After hiking the Rila mountains in Bulgaria, Olympia seemed like pretty obvious choice, especially for somebody with keen passion for mountain walking. Therefor my firs steps were directed at Litochoro, the starting point for every true mountaineer. I popular tourist destination, Litochoro offers what major mountain towns have. Plenty of hotels, traditional food restaurants and bars, souvenir shops, night clubs and more.
The long 27h bus journey ended just outside the main road near Katerini. I kindly asked the bus driver to be dropped off nearer the village. From there it was a matter of five short miles to reach my base. I got to my hotel Mirto, at Agiou Nikolaou 5, relatively easily. Just behind the police station. The view from a balcony was astounding. Peace and tranquility overcame me once I unpacked and showered. For a reasonable price of 40 Euro I could enjoy a big room with decent bathroom and mini bar and TV. But again, the windows overlooking the Olympia were worth every penny.
The hike to the Olympia mountains were anticipated and was soon to be materialised. Or not? The evening was spend wandering narrow streets and window shopping. The next day was a big day
The hike to the Olympia mountains were anticipated and was soon materialised. Or not? The evening was spend wandering narrow streets and window shopping. The next day was a big day. Already ordered a taxi recommended to me by the receptionist, a nice and helpful chap. It was supposed to be a very early start. the cab was ordered for 5am, early enough to secure myself enough time to safely cover the distance to the summit and back. Things did not go exactly as envisaged. The Greek driver, obviously experienced enough, directed me to the best spot I would start my gruelling trek. Time calculations also failed me as at 6am it was still very dark to safely wade through mountain foresty hills. But that was not the worse part.

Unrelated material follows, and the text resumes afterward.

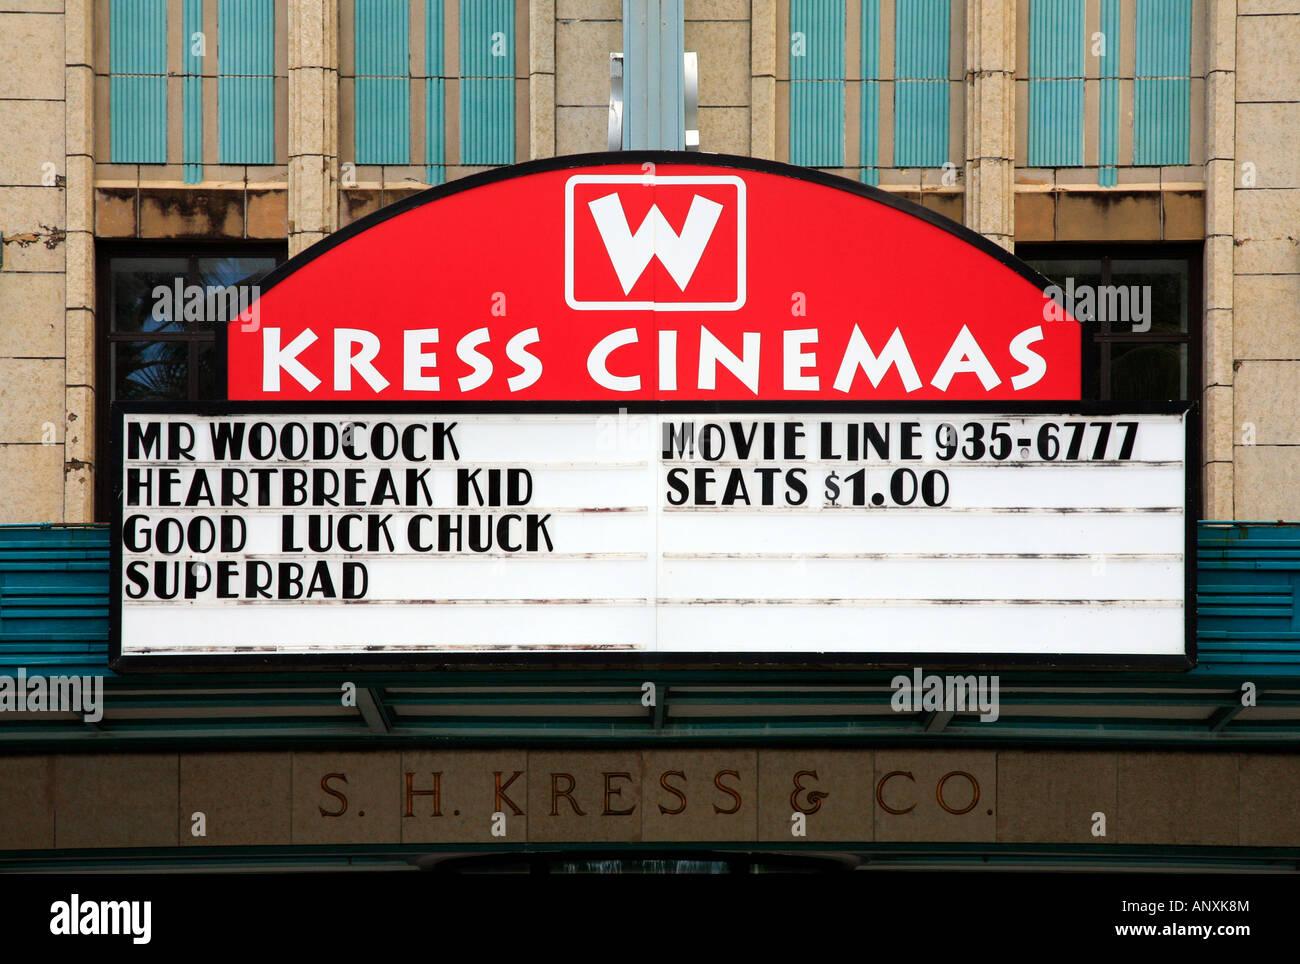 Facade of Kress cinema in Hilo Hawaii - Stock Image

On that very day, the fire broke out in some sections of my route.
We were pulled over by the local mountain rescue patrol and strongly advised to retreat. How unfrotunate! Time was running out and decisions had to be made. Either I should abandon the idea of exploring Greek mountains or choose a different, unspecified route. I had just one day and postponing it to the next day was not an option. The Greek cab driver had some propositions at hand as, undoubtedly, he knew this area very well.
His idea proved sensible. I should approach the mountain from the other, longer side but offering better views and more resting points. There was no time to study a map. Equipped with mobile phone with GPS I felt fully at ease. Anyway, I mostly relied on instinct and signs. The routes were conveniently marked. The next six hours were nothing but steady brisk walk with moments of respite to replenish energy, hydrate and take a few photo shots. The aim was to reach section Prionia – Spilios Agapitos refuge. The last permanent cottage before setting off for an ultimate hike to Olympia summit. I got there just after 1pm. Already exhaused, I had to reconsider my next move as time was of the essence. I had just 5 hours to get back to the hotel. I had to catch the evening train to Kalabaka.
The 6 hours trek I had already made proved to be a real feat. It was more like gruelling army excercise testing my stamina and determination rather casual hike others with more time would normally have. I was definitely pressed for time. As much as satisfied I had been with my accomplishment, I had to take into consideration the possible reroute. Ascending the summit had to be called off for that day. There were other attractions in waiting.
After a short celebration with the delicious mug of coffee and a ham sandwich I hiked back to Litochoro. The climb took its toll, though. I suffered serious blisters and nearly twisted my ankle. I applied – can do attitude- and by 4pm I was already back in the village sipping chilled coca cola with a traditional greek hut I purchased at the local souvenir shop. 15 minutes later I was throwing my rucksack in the bonnet of the cab.
Time to head south, well almost. Katabaka was 170km away or 5h on a direct train. The train cars were packed with Greek folks and many international tourists, successfully preventing me from a sitting position. Standing by the window and staring pointlessly at passing objects in far distance, I tried to gather positive thoughts. Thoughts that pictured me in my Kalabaka lovely hotel room lying on my bed and sipping a properly chilled can of beer. That very thought kept me going until The train pulled up at the desired station, Kalabaka.
Litochoro is a town and a former municipality in the southern part of the Pieria regional unit, Greece. It is located at the base of Mount Olympus, on the western shore of the Thermaic Gulf. The town is a popular destination for those wishing to climb Mount Olympus as almost all climbing routes begin to the southwest of the town.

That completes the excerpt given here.